Modern coagulation theory hypothesizes that the mechanisms of pathological thrombosis and physiological hemostasis are distinguishable, but all currently available anticoagulants in clinical use either target coagulation FII or FX, both essential factors for physiological hemostasis. Inhibition of either one of the two factors interrupts the common pathway and disrupts the positive feedback activation of FV, FVIII, and FXI. Upstream the common pathway, initiation of hemostasis mainly depends on the TF-mediated extrinsic pathway, and deficiency or increased activity of this pathway leads to bleeding or thrombosis. The intrinsic pathway, which is activated by the contact activation system and resembles an interface between inflammation, coagulation, and innate immunity, however, contributes weakly to hemostasis but is closely associated with pathological thrombosis (4750). In the presence of excessive TF, thrombin generation is likely sufficient for hemostasis without a necessary involvement of the intrinsic pathway. But in the presence of limited TF, activation of FX through the intrinsic FXase is required for rapid and sufficient production of thrombin as seen in various pathological processes (e.g., immunothrombosis, atherothrombosis) (51, 52). Thus, revisiting the intrinsic pathway with its contact activation system in the effort to inhibit the coagulation cascade upstream of FX is a noteworthy approach in the desire to prevent thrombosis without the cost of impairing hemostatic functions.
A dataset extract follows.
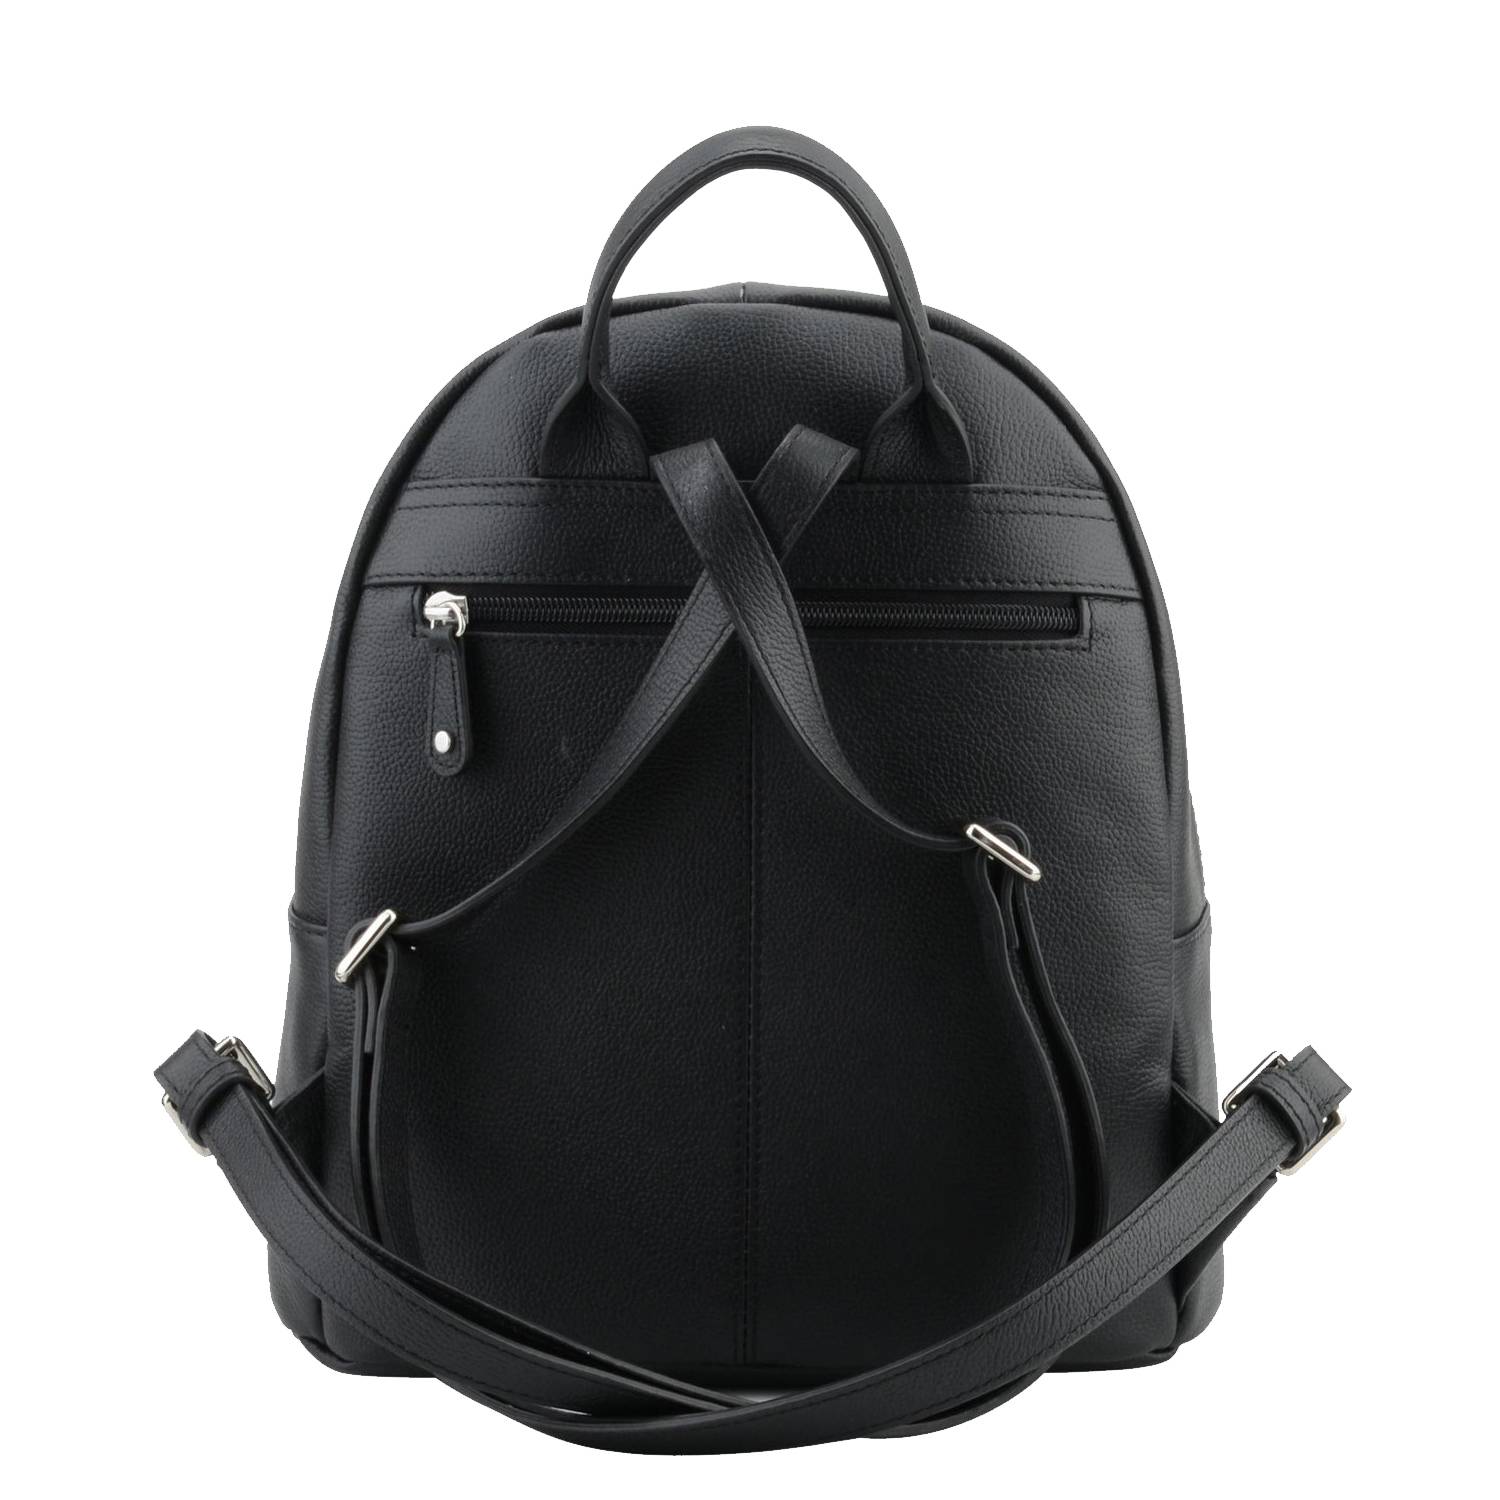 Mini sac à dos Francinel zippé Tiana 22328 NR couleur noir, vue de dos

The Intrinsic Pathway, Contact System, and Rationale for Targeting Factor XI

Anticoagulant-related bleeding might be avoided if coagulation factors that are more important for pathological thrombosis than for physiological hemostasis are targeted selectively (53). Accordingly, the detrimental role of contact system-dependent coagulation activation in thrombus formation proposes the intrinsic coagulation pathway as a potential target for novel anticoagulants. The intrinsic pathway begins with activation through the contact system, which consists of FXII, prekallikrein (PK), and a cofactor high-molecular-weight kininogen (HK) (54). This contact activation is triggered when plasma encounters certain negatively charged macromolecules, leading to the activation of FXII. Subsequently, FXI and FIX get activated. Therefore, factors of the intrinsic pathway represent promising candidate targets for antithrombotic therapy (5557). Notably, FXI research has proceeded furthest in clinical trials having shown the most promising evidence from epidemiological studies and animal models.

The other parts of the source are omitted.